Every line below is to be copied exactly, with the pictures left out.

START DATA PROVIDED

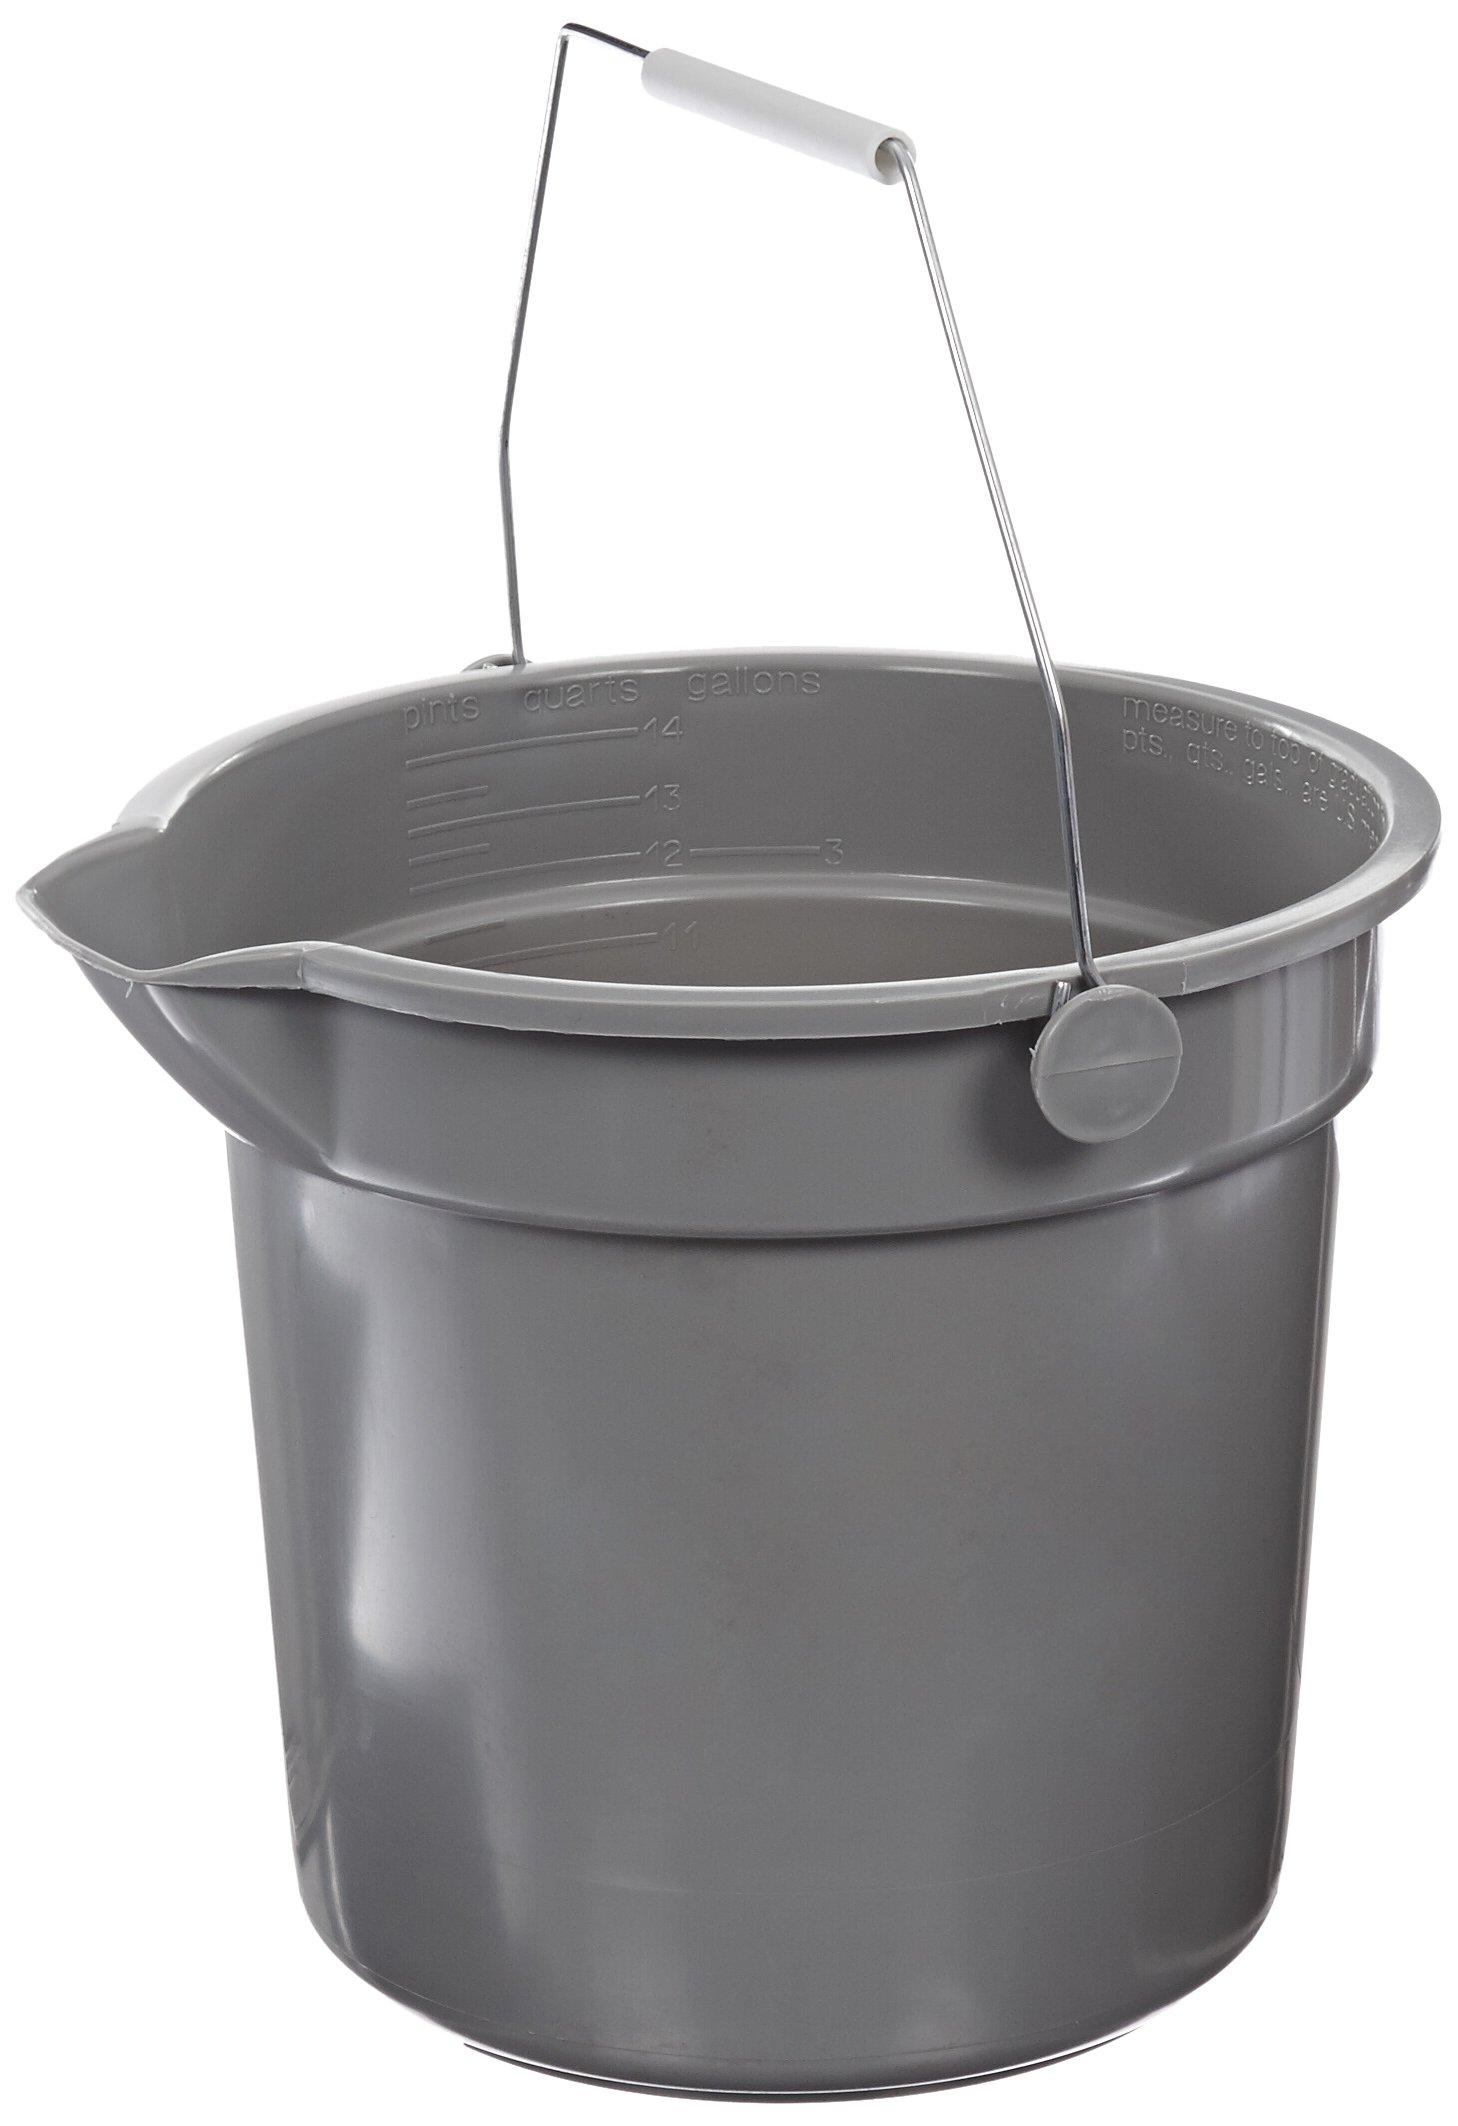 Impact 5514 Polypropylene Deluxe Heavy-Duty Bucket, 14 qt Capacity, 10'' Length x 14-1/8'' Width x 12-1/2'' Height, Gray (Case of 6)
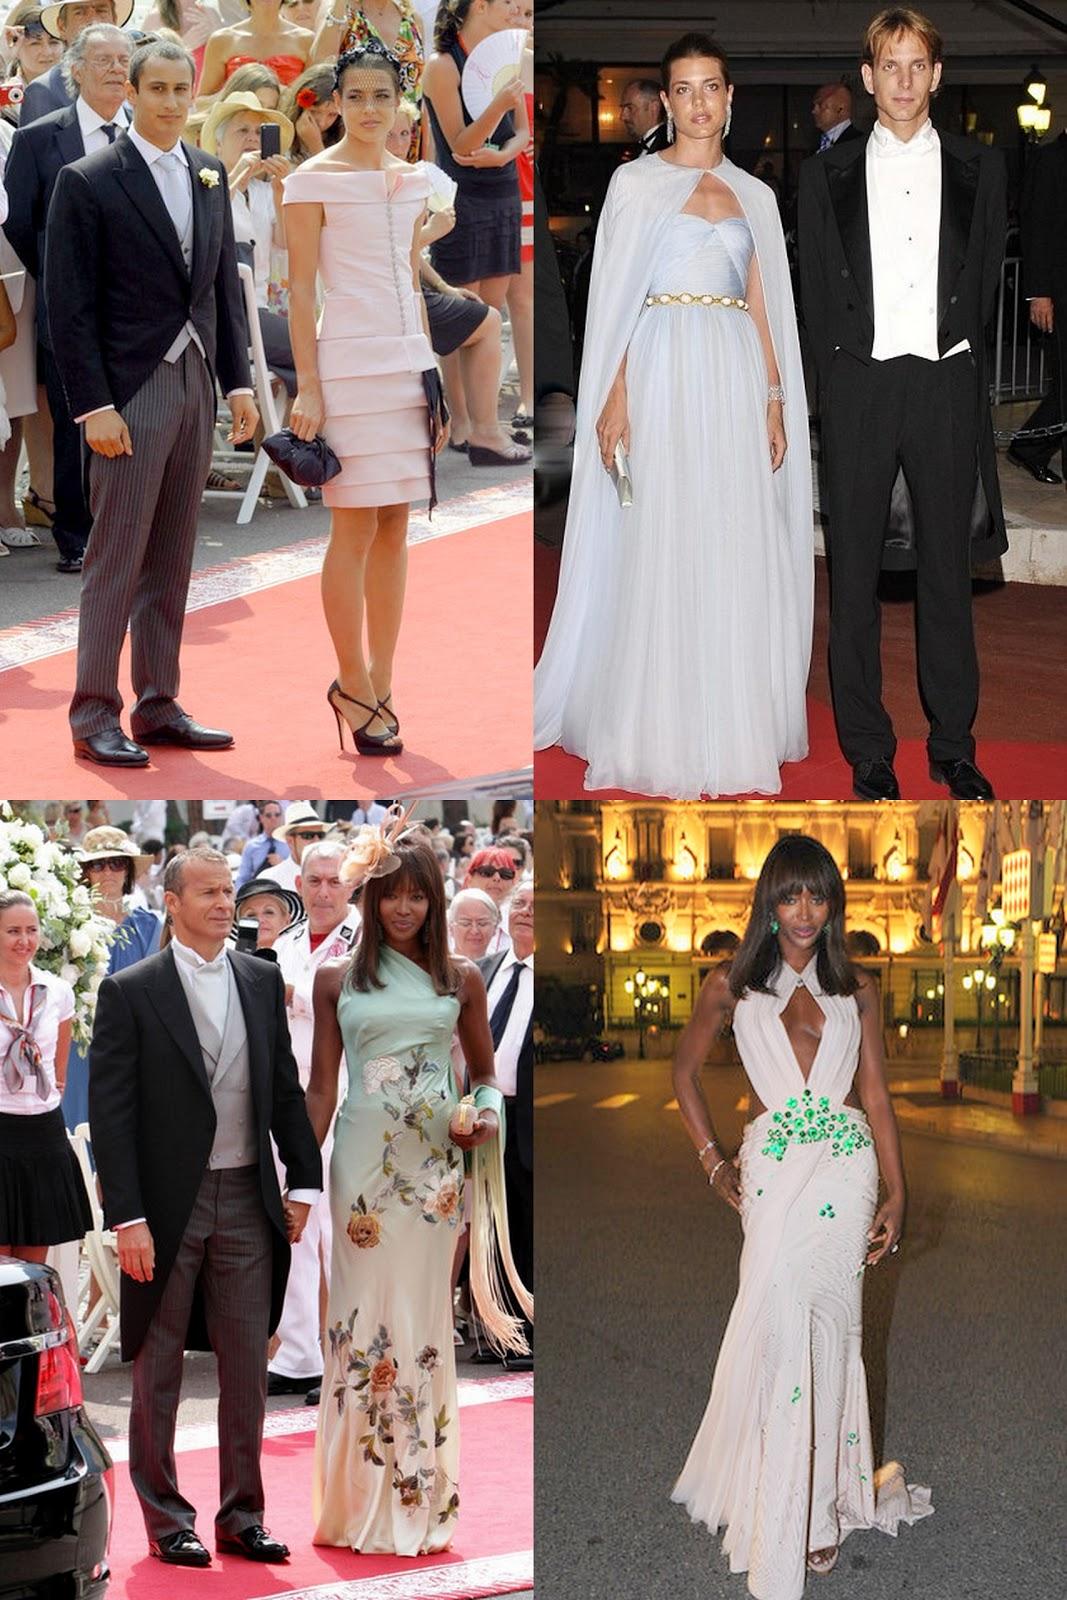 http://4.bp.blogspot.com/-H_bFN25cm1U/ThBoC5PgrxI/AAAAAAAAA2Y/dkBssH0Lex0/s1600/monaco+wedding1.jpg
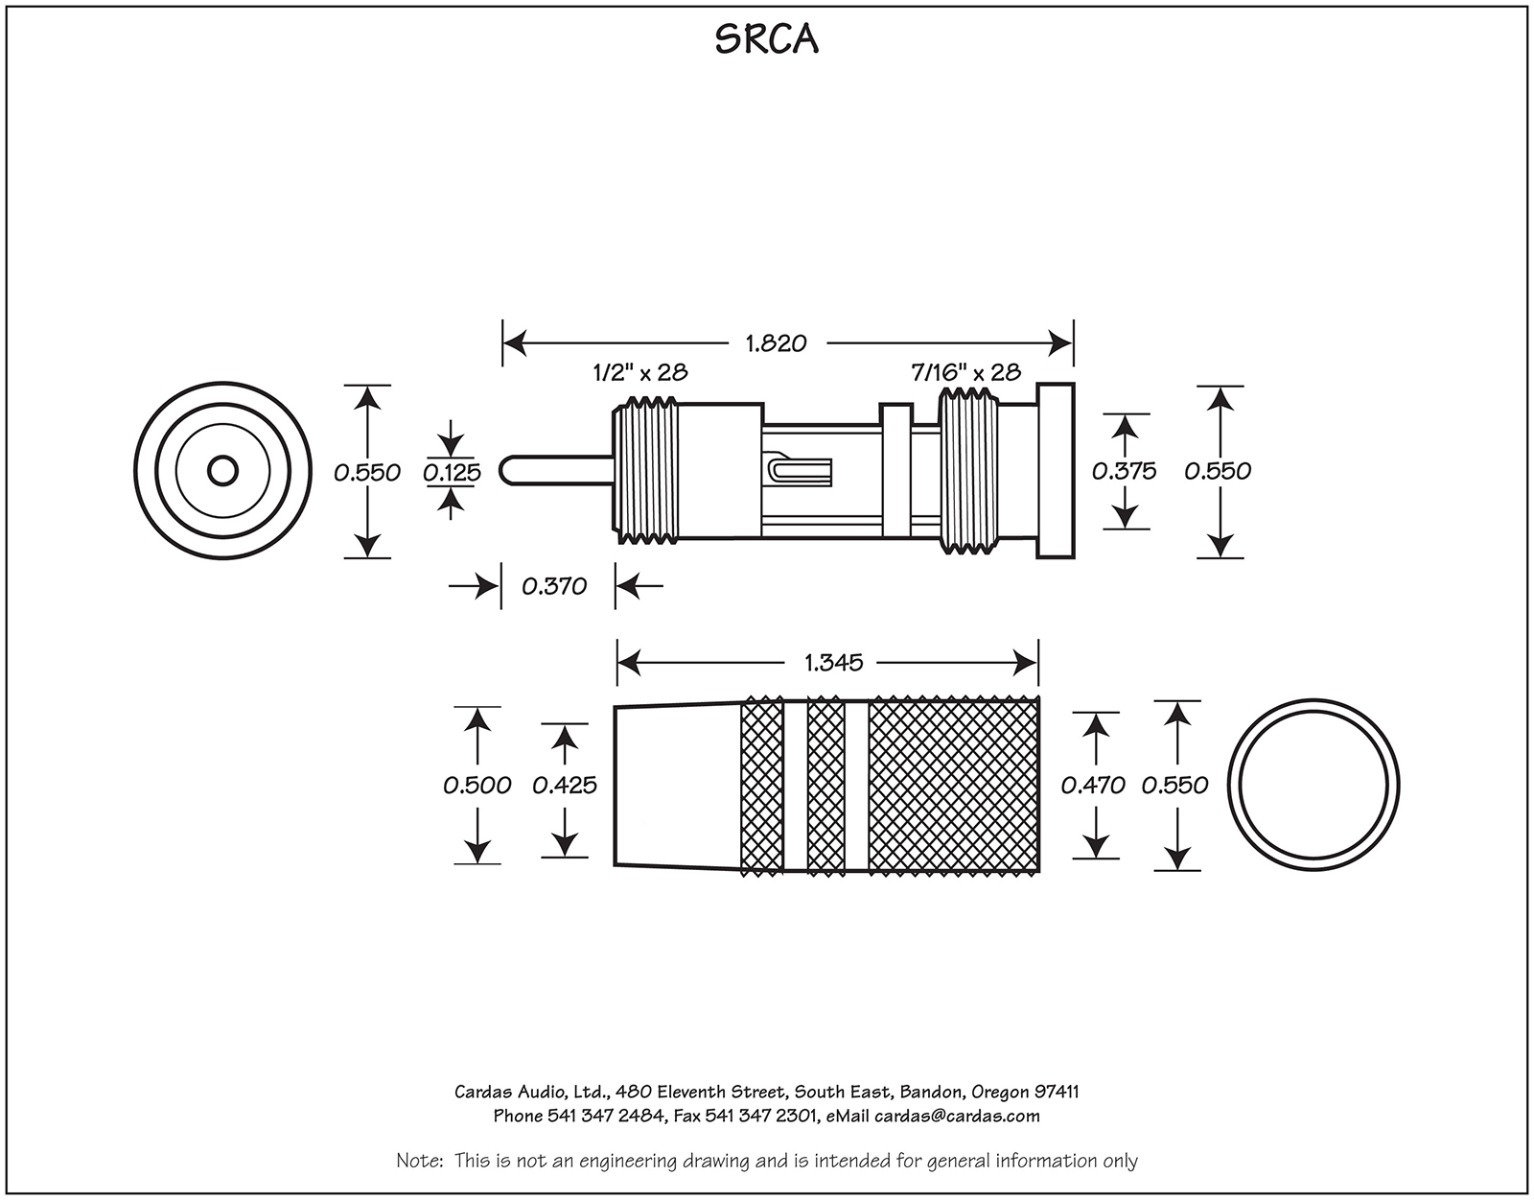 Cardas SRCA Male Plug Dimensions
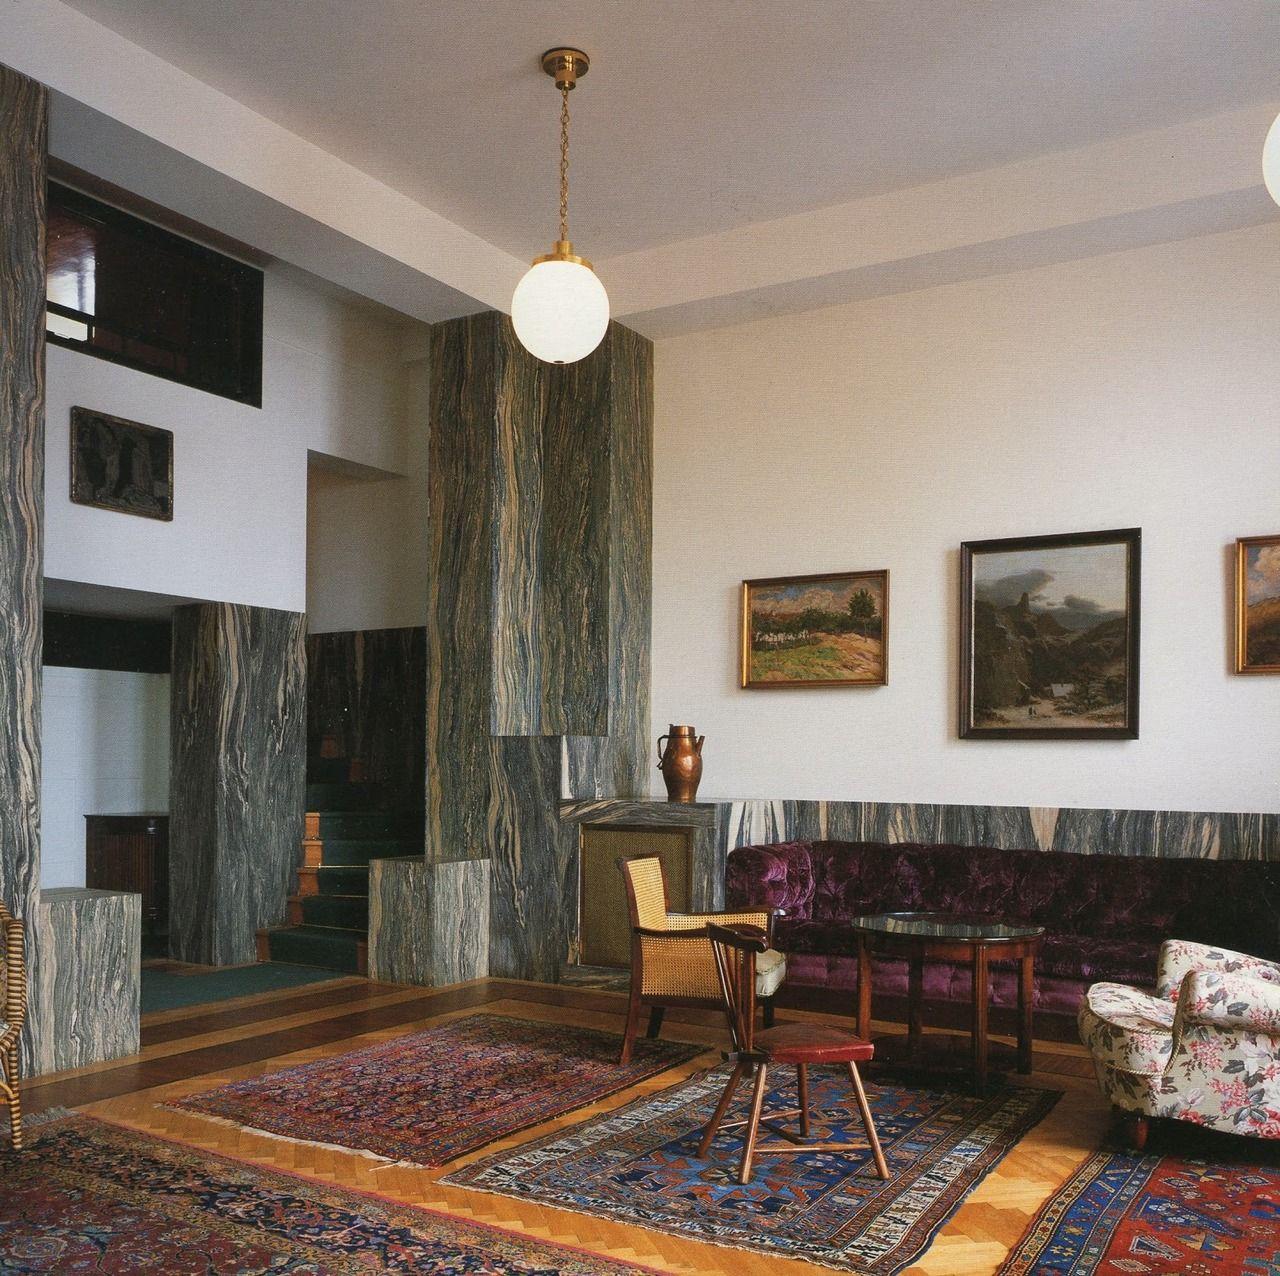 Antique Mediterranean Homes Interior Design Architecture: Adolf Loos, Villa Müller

END DATA PROVIDED

RESPONSE AREA:
 Impact 5514 Polypropylene Deluxe Heavy-Duty Bucket, 14 qt Capacity, 10'' Length x 14-1/8'' Width x 12-1/2'' Height, Gray (Case of 6)
 http://4.bp.blogspot.com/-H_bFN25cm1U/ThBoC5PgrxI/AAAAAAAAA2Y/dkBssH0Lex0/s1600/monaco+wedding1.jpg
 Cardas SRCA Male Plug Dimensions
 Antique Mediterranean Homes Interior Design Architecture: Adolf Loos, Villa Müller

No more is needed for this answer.